Background and reasons
As previously announced, the reverse merger where InDex Pharmaceuticals Holding AB (publ), whose name has been changed to Flerie AB, acquired all shares in Flerie Invest AB was completed on 10 June 2024 (the “Acquisition”). The consideration for all shares in Flerie Invest AB consisted of shares in the Company (the “Consideration Shares”). The subscription price per Consideration Share was SEK 0.506, and was based on the net asset value of Flerie Invest AB and the Company’s estimated cash position (for more information, please refer to the press releases regarding the reverse merger).
The purpose of the Capital Raise, and the reasons for the deviation from the shareholders' preferential right, was to diversify the shareholder base of the Company in order to meet the liquidity requirements for a listing on, initially, the Nasdaq First North Growth Market and, subsequently, Nasdaq Stockholm (for more information, please see section “Admission to trading on Nasdaq Stockholm”), to ensure continued financing of Flerie in immediate connection to the implementation of the Acquisition, and to have flexibility to make add-on investments in current portfolio companies to accelerate their development and to improve the liquidity, as well as, strengthen the shareholder base with Swedish and international institutional investors. In light of the above, the Board of Directors of Flerie has made the assessment that a directed issue of ordinary shares with deviation from the shareholders’ preferential rights was the most favourable alternative for the Company to carry out the capital raise and is in the best interest of the Company’s shareholders. The Board of Directors thus considers that the reasons outweigh the main rule that new share issues are to be carried out with preferential rights for the shareholders.

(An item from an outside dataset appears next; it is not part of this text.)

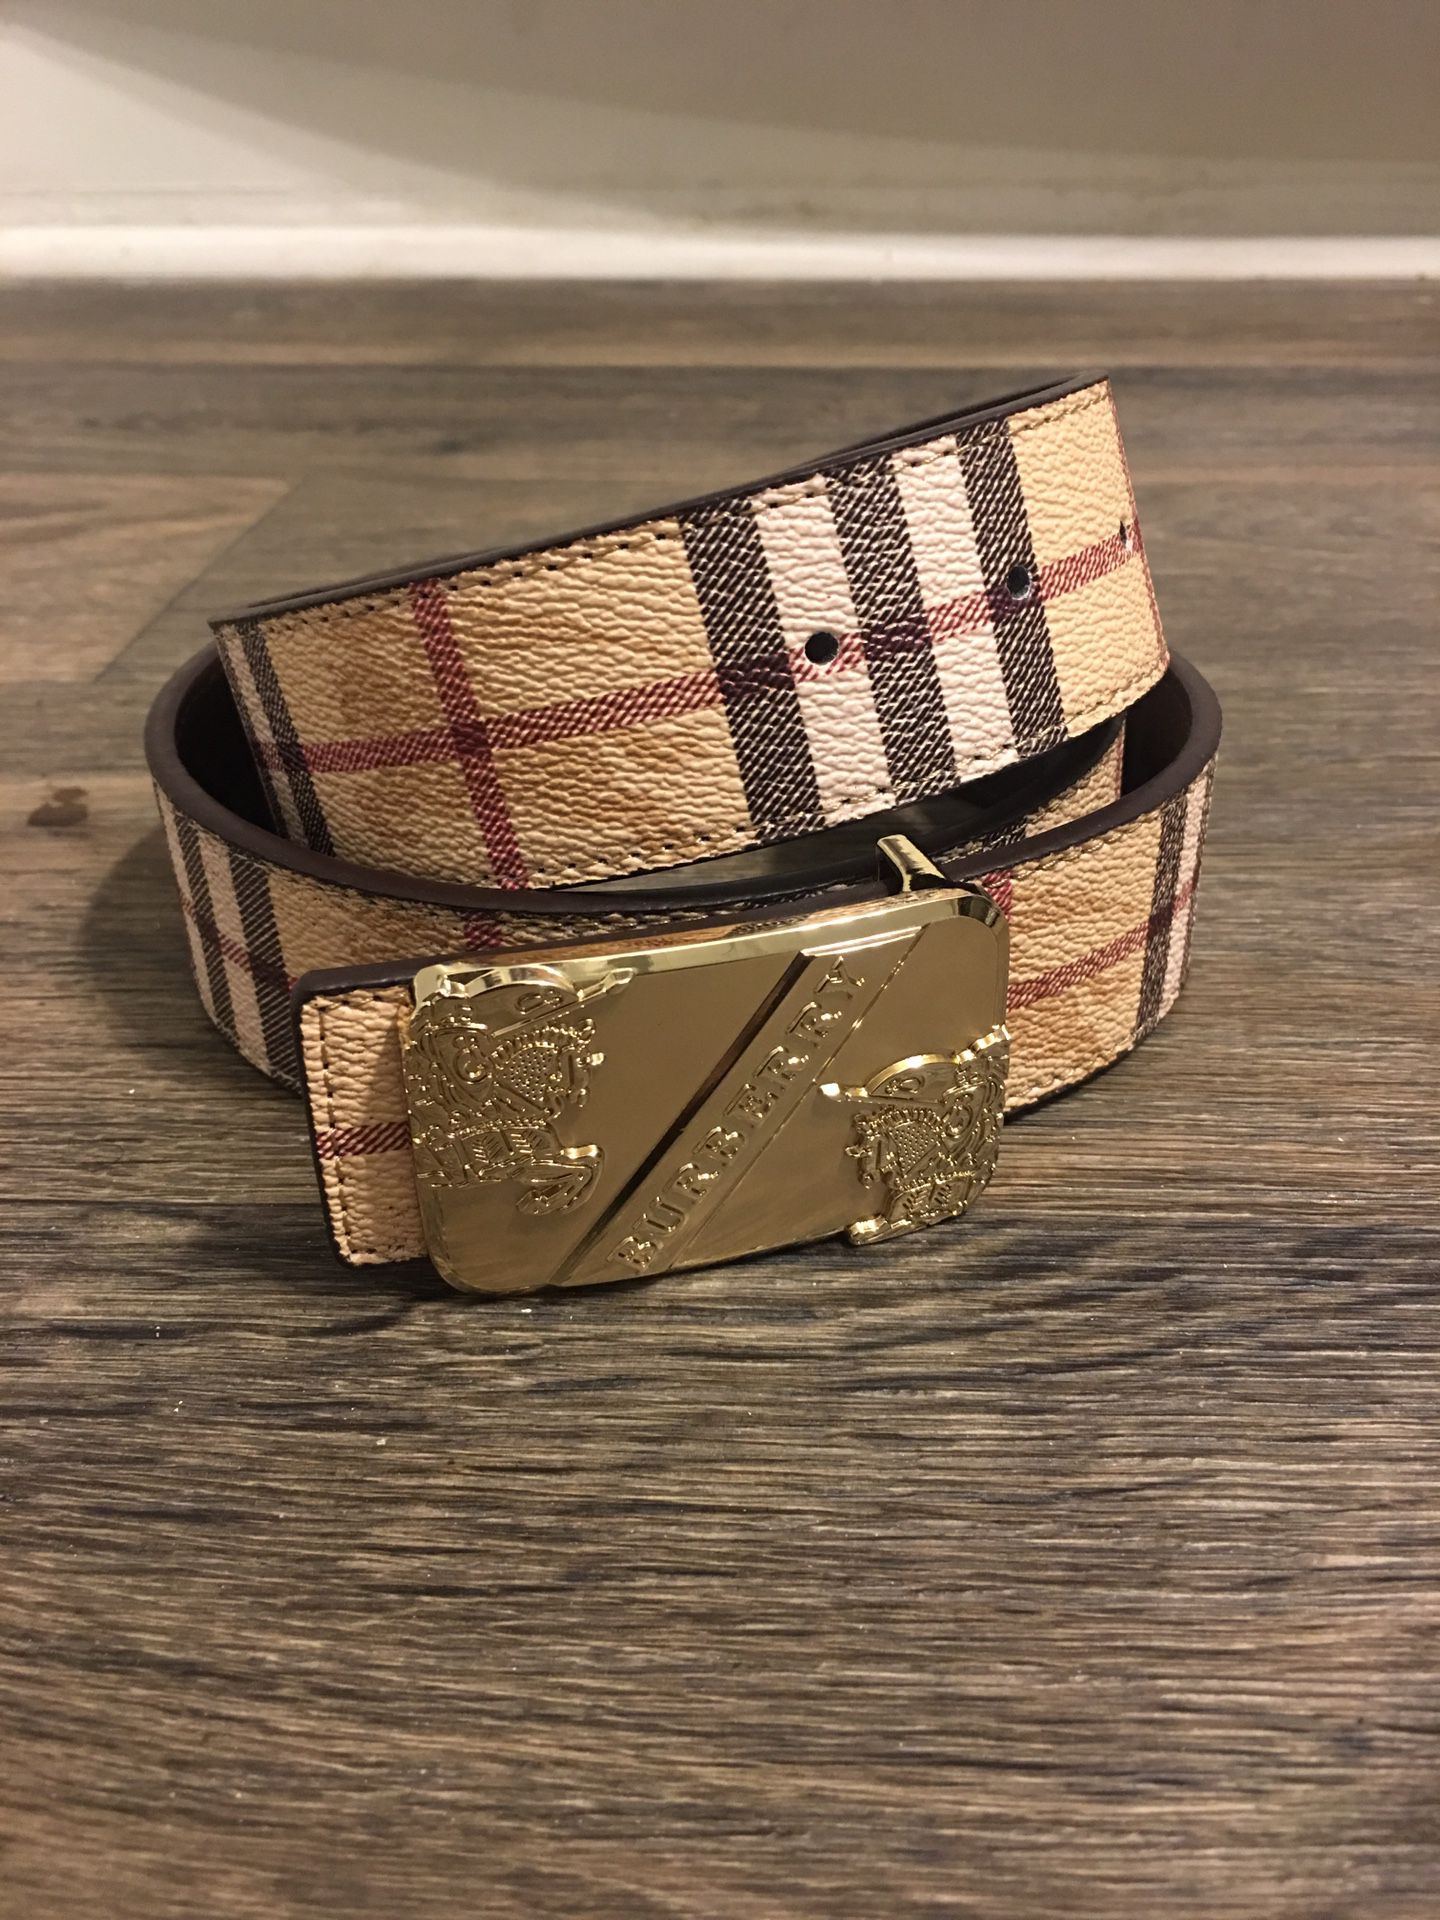 Burberry Belt for Sale in Huntington Beach, CA - OfferUp

The subscription price in the Capital Raise corresponds to the subscription price for the Consideration Shares, which has been subject to arm's-length negotiations with the sellers of Flerie Invest AB. Therefore, the Board of Directors of Flerie considers that the subscription price in the Capital Raise is based on market terms.
Through the Capital Raise, the Company will raise SEK 607.2 million, prior to transaction costs. Flerie intends to use the net proceeds from the Capital Raise to fulfil its capital commitments, make add-on investments in current portfolio companies to accelerate their development and to improve the liquidity.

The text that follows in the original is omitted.